The final reason the low immigration number is so frightening is not really about population growth at all. It’s that the evidence increasingly says having immigrants here makes workers born in the United States more successful.

That’s partly because immigrants start companies at twice the rate of native Americans. Almost half the companies in the Fortune 500 were started by immigrants or their children, and without them, jobs are likely to be scarcer in the future.

Also, as the American economy becomes more dominated by knowledge work, immigration restrictions are likely to have an increasingly severe impact. In recent research, the New York University economists Petra Moser and Shmuel San examined the economic effects of the national quota system of the 1920s. That was the last time the United States engaged in mass immigration restrictions based on ethnicity.

These laws of the 1920s were designed to block the entry of immigrants from Southern and Eastern Europe and from Asia in order to preserve the ethnic “character” of the United States. With these laws, immigration fell below 300,000 in 1925, from more than 800,000 in 1921, according to the Migration Policy Institute. Quotas remained until the 1960s, and the United States did not return to 1921 immigrant levels until 1989.

Professor Moser and Professor San have found that those quotas seriously curtailed immigration of scientists and inventors of specific ethnicities (Jews from Eastern Europe, for example). The scholars gathered biographical information on 82,000 scientists and inventors in the United States from 1921 to 1956, including details on their areas of specialty, the number of patents they received and their places of birth. They wanted to know how excluding immigrants affected American-born scientists and inventors.

In reality, they found, the quotas didn’t protect domestic scientists and inventors. It hurt them, and it decimated their work. Patents for American scientists who worked in fields with many East European scientists fell almost 60 percent compared with those in other fields. And, over time, fewer American-born people became scientists and inventors at all. The net effect was a substantial reduction in invention in the United States.
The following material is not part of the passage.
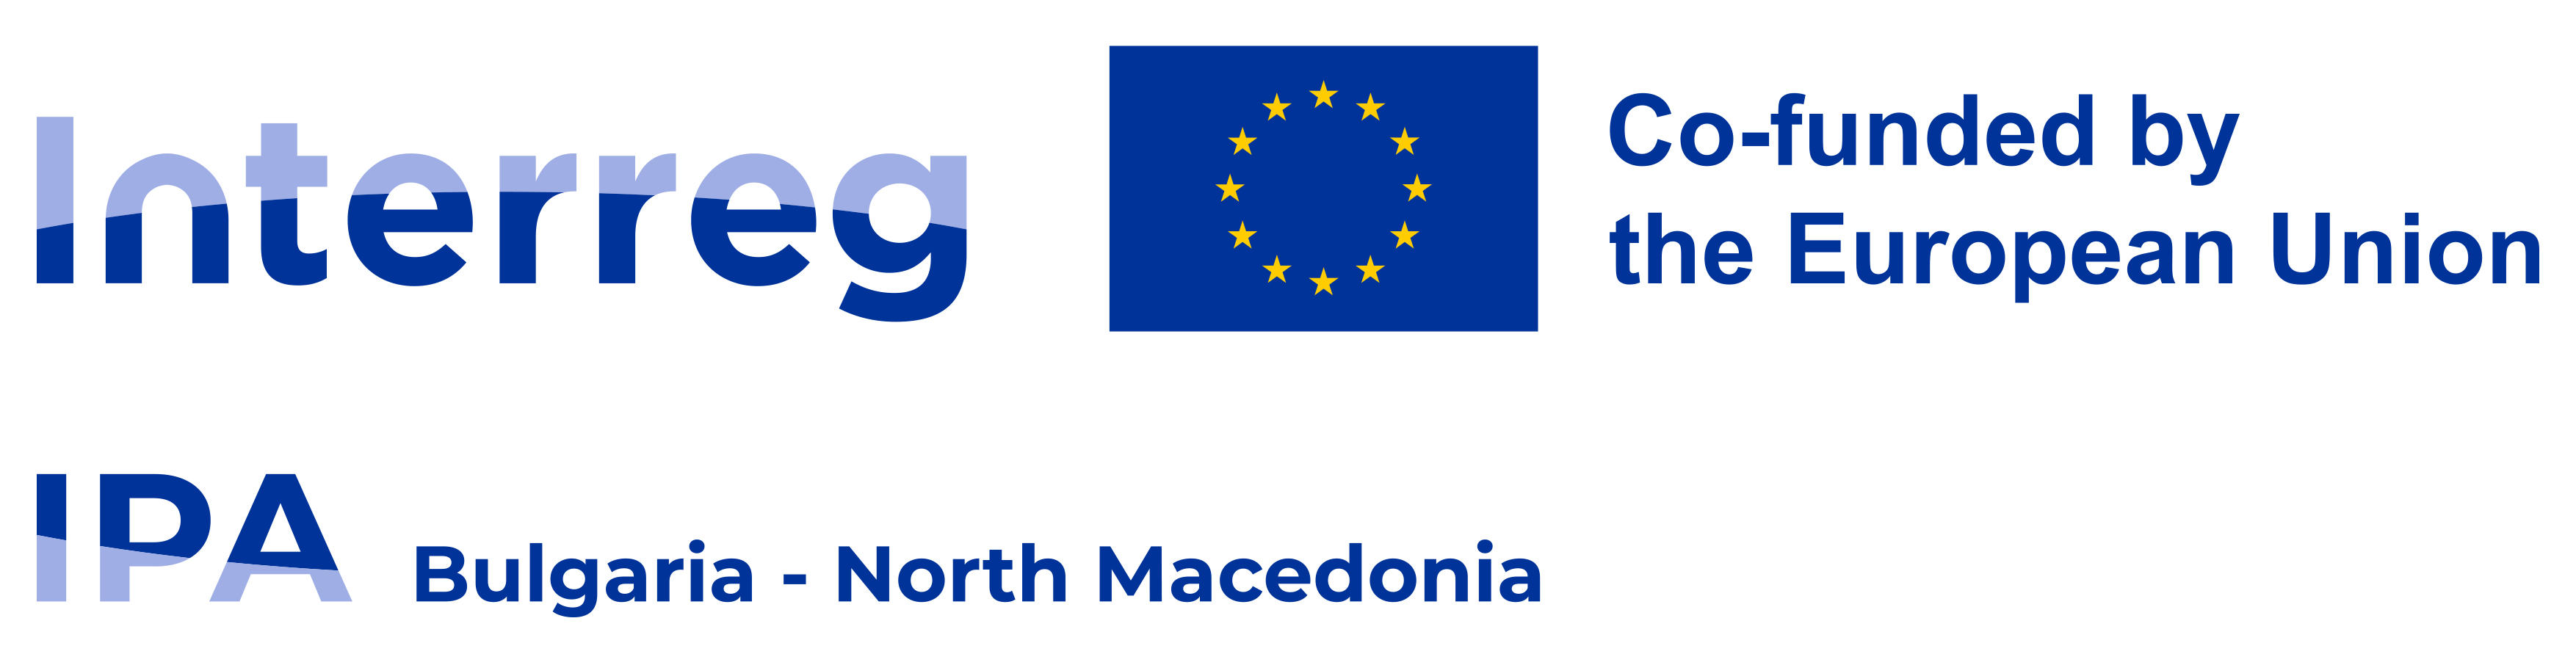 Logo of Interreg VI-A IPA Bulgaria - North Macedonia Programme

The essence of knowledge work is building on others’ ideas, and having fewer creative people from different backgrounds in the United States undermined the entire enterprise.

I asked Professor Moser what she considered the most important lesson from the 1920s immigration experience. “Don’t keep people out based on ethnicity,” she said. “They did it to preserve the ethnic character of the country, but the different perspectives and approaches of immigrants were actually quite important.”

Because knowledge builds on itself and scientists train the next generation, she said, “the damage that restricted immigration had on American science lasted a very long time.”

That keeping foreign ideas out makes domestic workers worse off is a lesson we should not forget. Making outsiders feel unwelcome, blocking asylum seekers or putting their children in cages may succeed in reducing the flow of immigration to the United States. But the American economy will suffer.